Task brief :: Repeat exactly the lines below from the line that contains "Capnography enhances surveillance" to the last line, inclusive, without the pictures.

Stored data ::
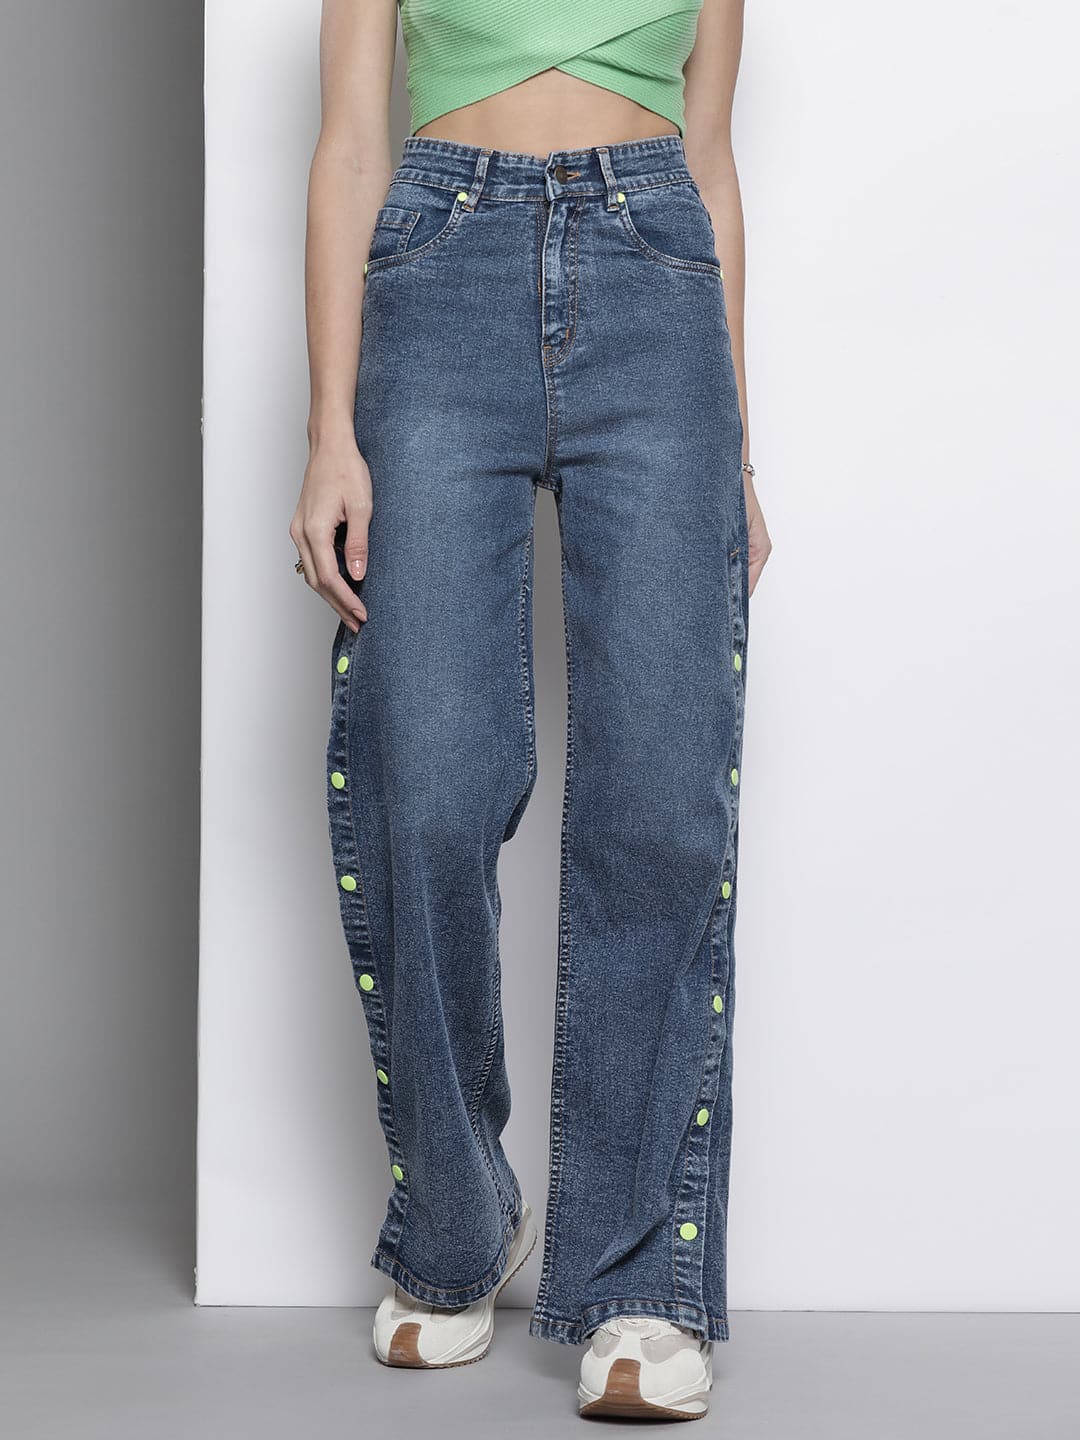 Buy Women's Stretch Denim Jeans Online
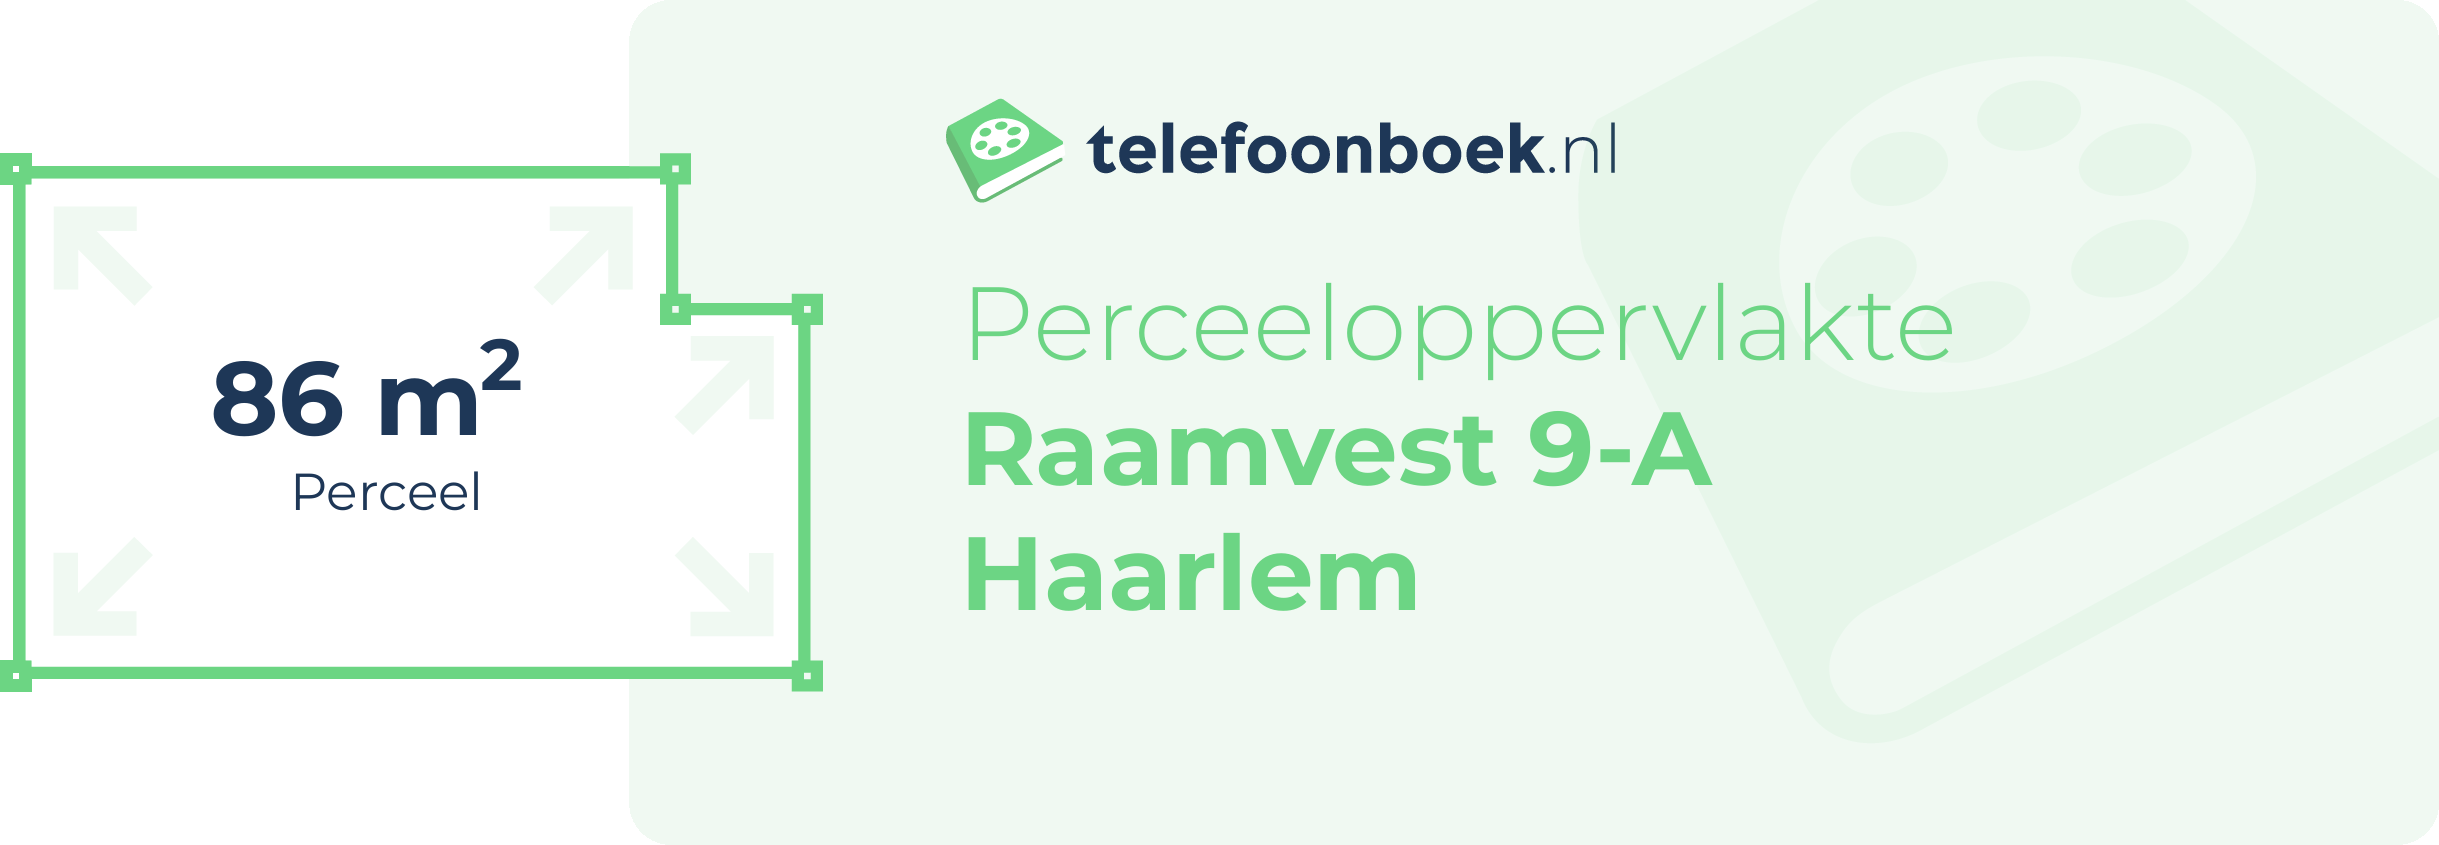 Perceeloppervlakte Raamvest 9-A Haarlem
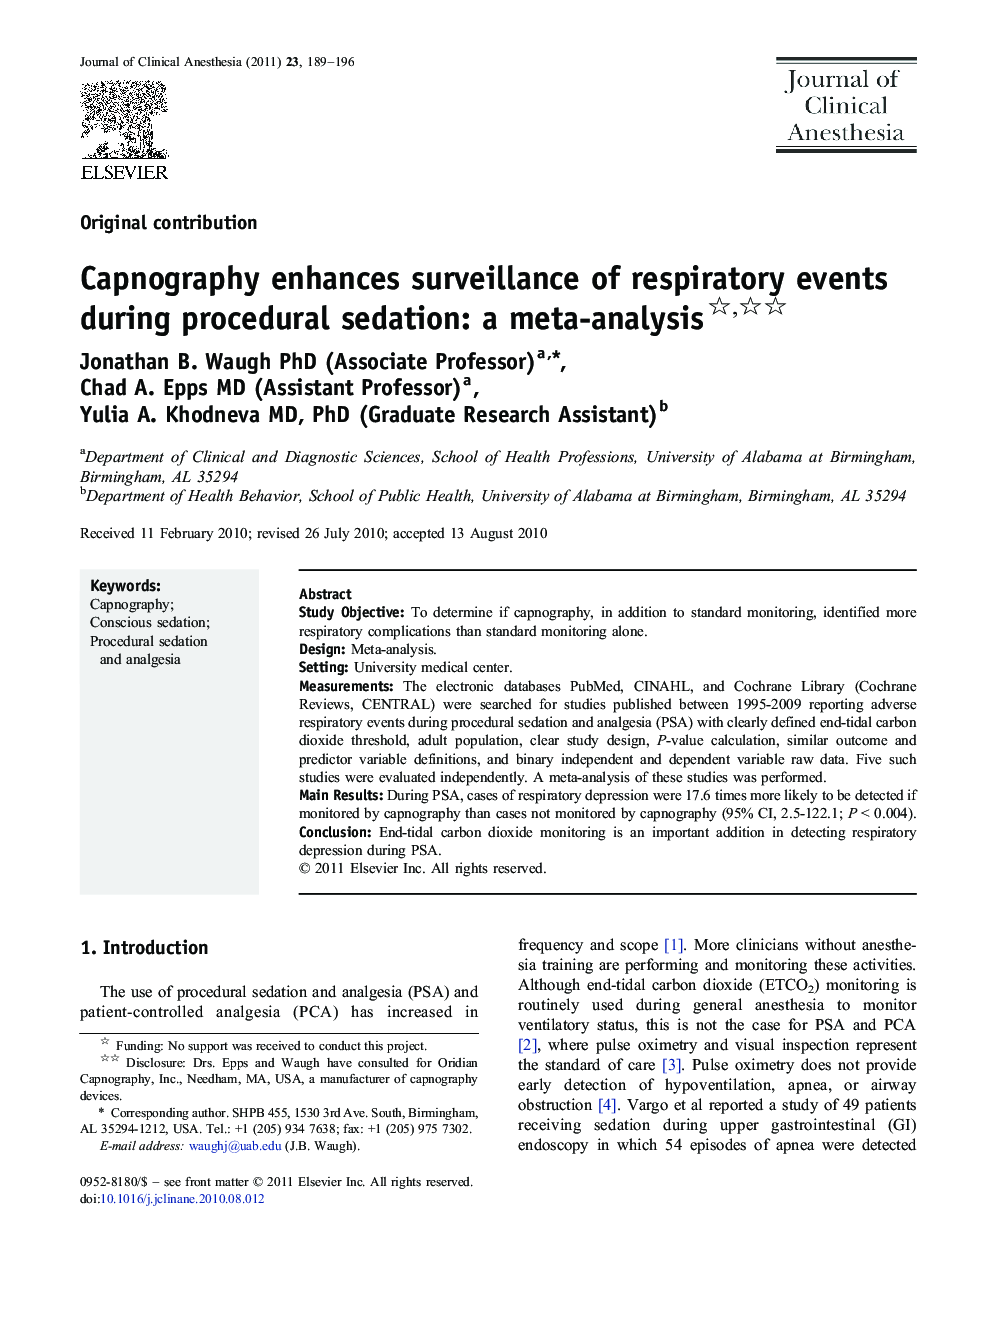 Capnography enhances surveillance of respiratory events during procedural sedation: a meta-analysis 
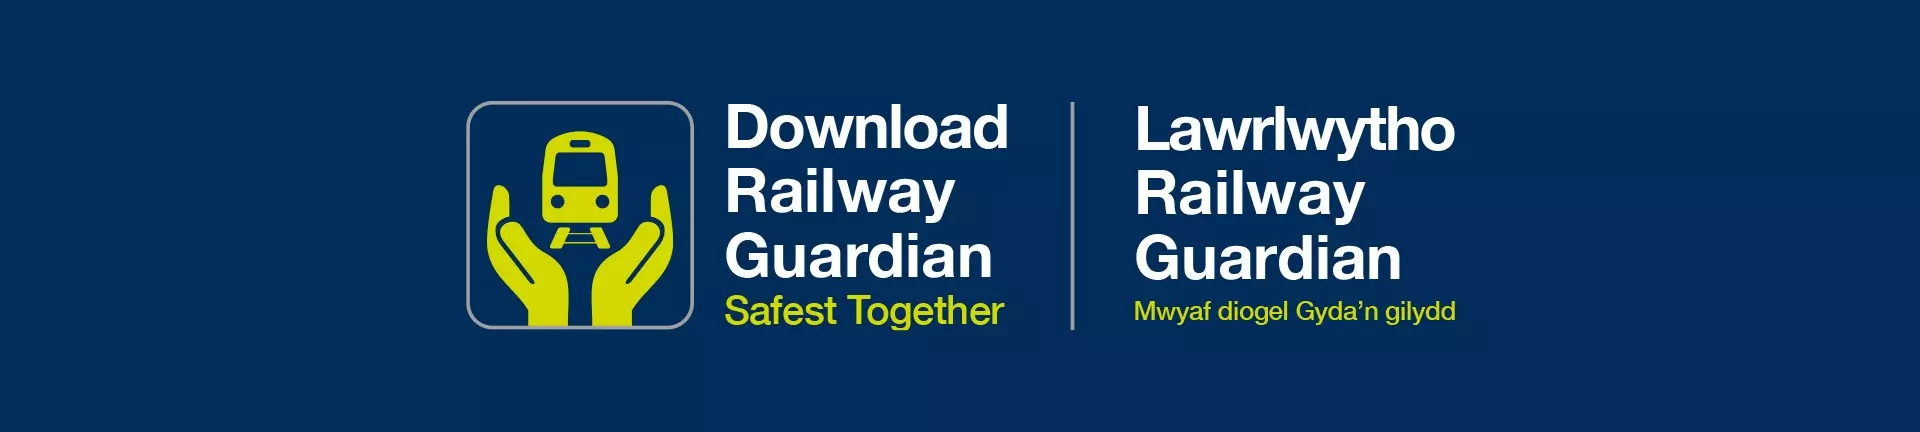 Railway Guardian logo
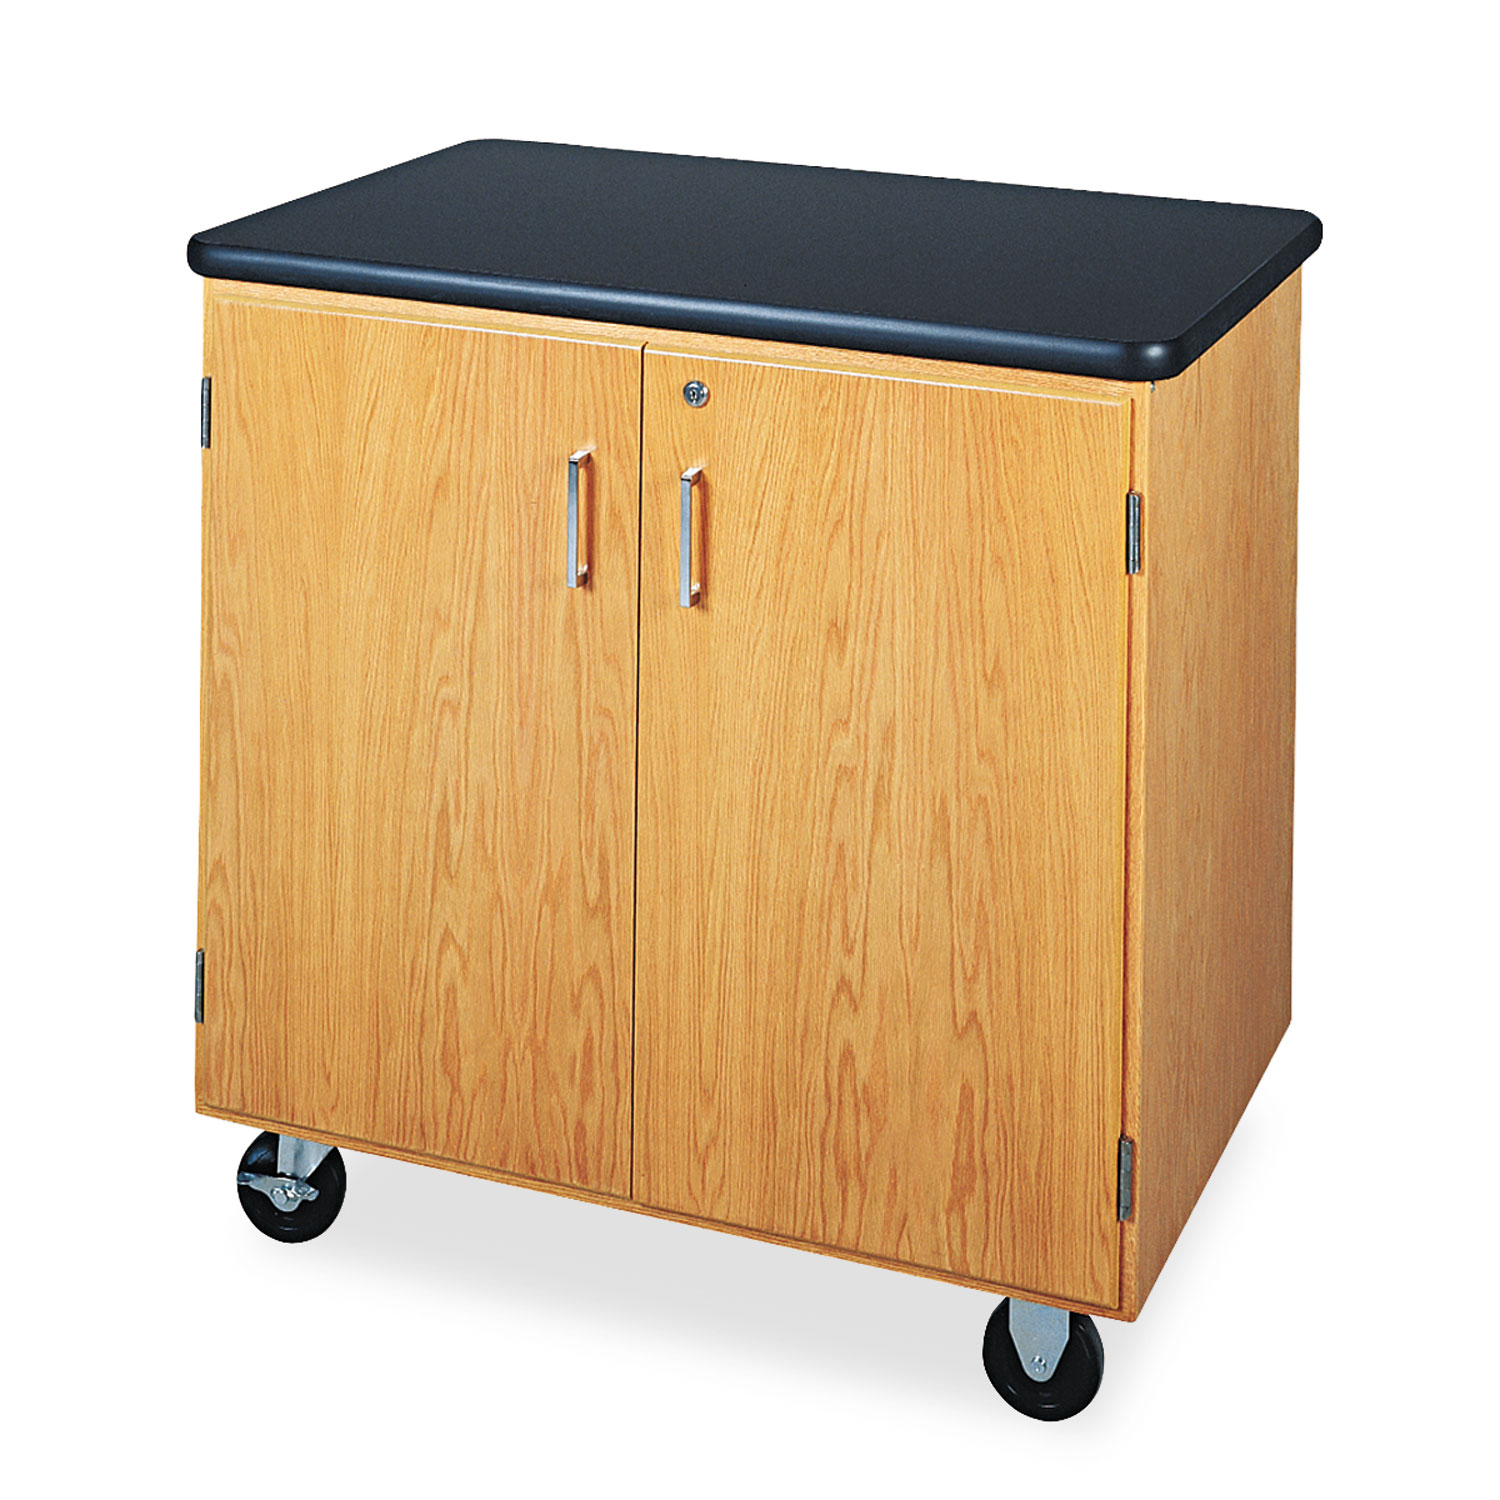  Diversified Woodcrafts 4401K Mobile Storage Cabinet, 36w x 24d x 36h, Black/Oak (DVW4401K)

Answer for the task ::
 Capnography enhances surveillance of respiratory events during procedural sedation: a meta-analysis 
 Railway Guardian logo
  Diversified Woodcrafts 4401K Mobile Storage Cabinet, 36w x 24d x 36h, Black/Oak (DVW4401K)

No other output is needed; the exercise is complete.